By Sarah Michael
June 15, 2012
MORE than one in ten Australians are looking for more work, and experts say many people are embarrassed to admit they’re only employed part-time.
ABS figures show there are 892,900 “underemployed workers” in Australia – workers who want more hours of work than they currently have.Australia’s underemployment rate sits at 7.4 per cent, or 9.6 per cent of females and 5.5 per cent of males.
The labour force underutilisation rate, which adds underemployment and underemployment, sits at 12.5 per cent.
Juliet Bourke, senior partner at global management firm Deloitte, said part-time workers weren’t only concerned about finances, they were often worried about how co-workers would react to their flexible hours.
“If the assumption is that you’re working full time do you actively say that’s not the case or do you just let people go along that line?” Ms Bourke said.
“Because there’s a question mark over people’s heads when they work flexibly – are they professional, are the committed, are they team player – then the safe thing is to not say anything at all.”
Kathryn MacMillan, managing director of recruitment company Nine2Three, said part-time workers were worried that they were seen as being “less serious” or having less commitment to their careers.
“I actually don’t think that’s correct, but if you look at some who is looking for work, on their resume they very rarely would say ‘I’ve been doing this job part time,’” Ms MacMillan said.
Their comments come as a study in the UK showed that one in ten part-time workers are earning the equivalent a full time salary ($62,000 a year), but more than a third would never describe themselves as “part-time”.

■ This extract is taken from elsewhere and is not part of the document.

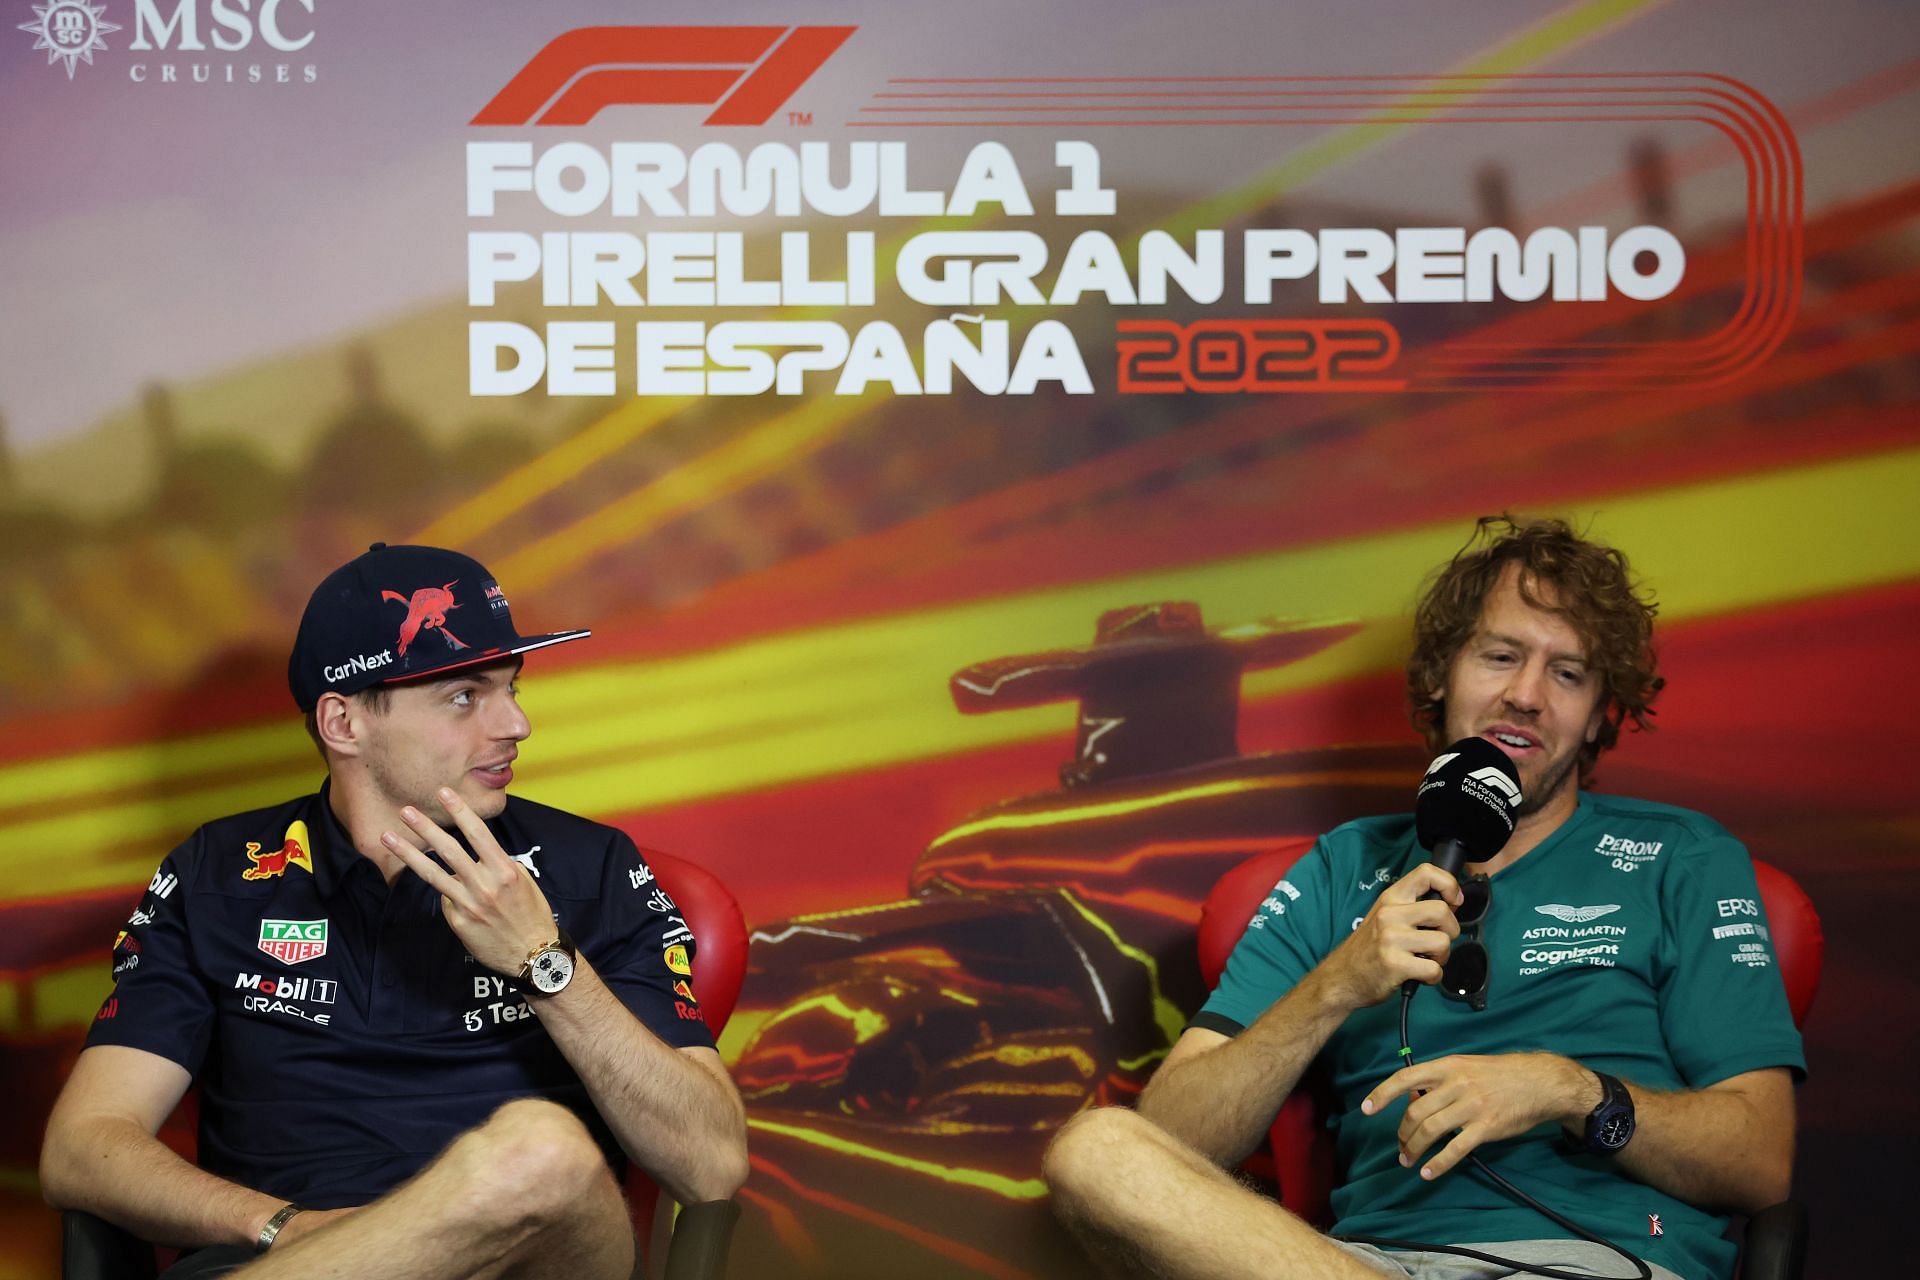 F1 Grand Prix of Spain - Practice

The majority of the 2000 workers surveyed by part-time recruitment firm Timewise said they prefer to say they work “flexibly”.
But one in seven said they try to avoid disclosing their status and let co-workers assume they work full-time.
Timewise founder Karen Mattison said there were two reasons part-time workers tried to fly under the radar.
“One of the reasons is that people are worried about seeming uncommitted to their job; the other is that people have what they see as delicate arrangements, maybe with their line managers, and they are worried that by telling other people they might upset the applecart,” she said.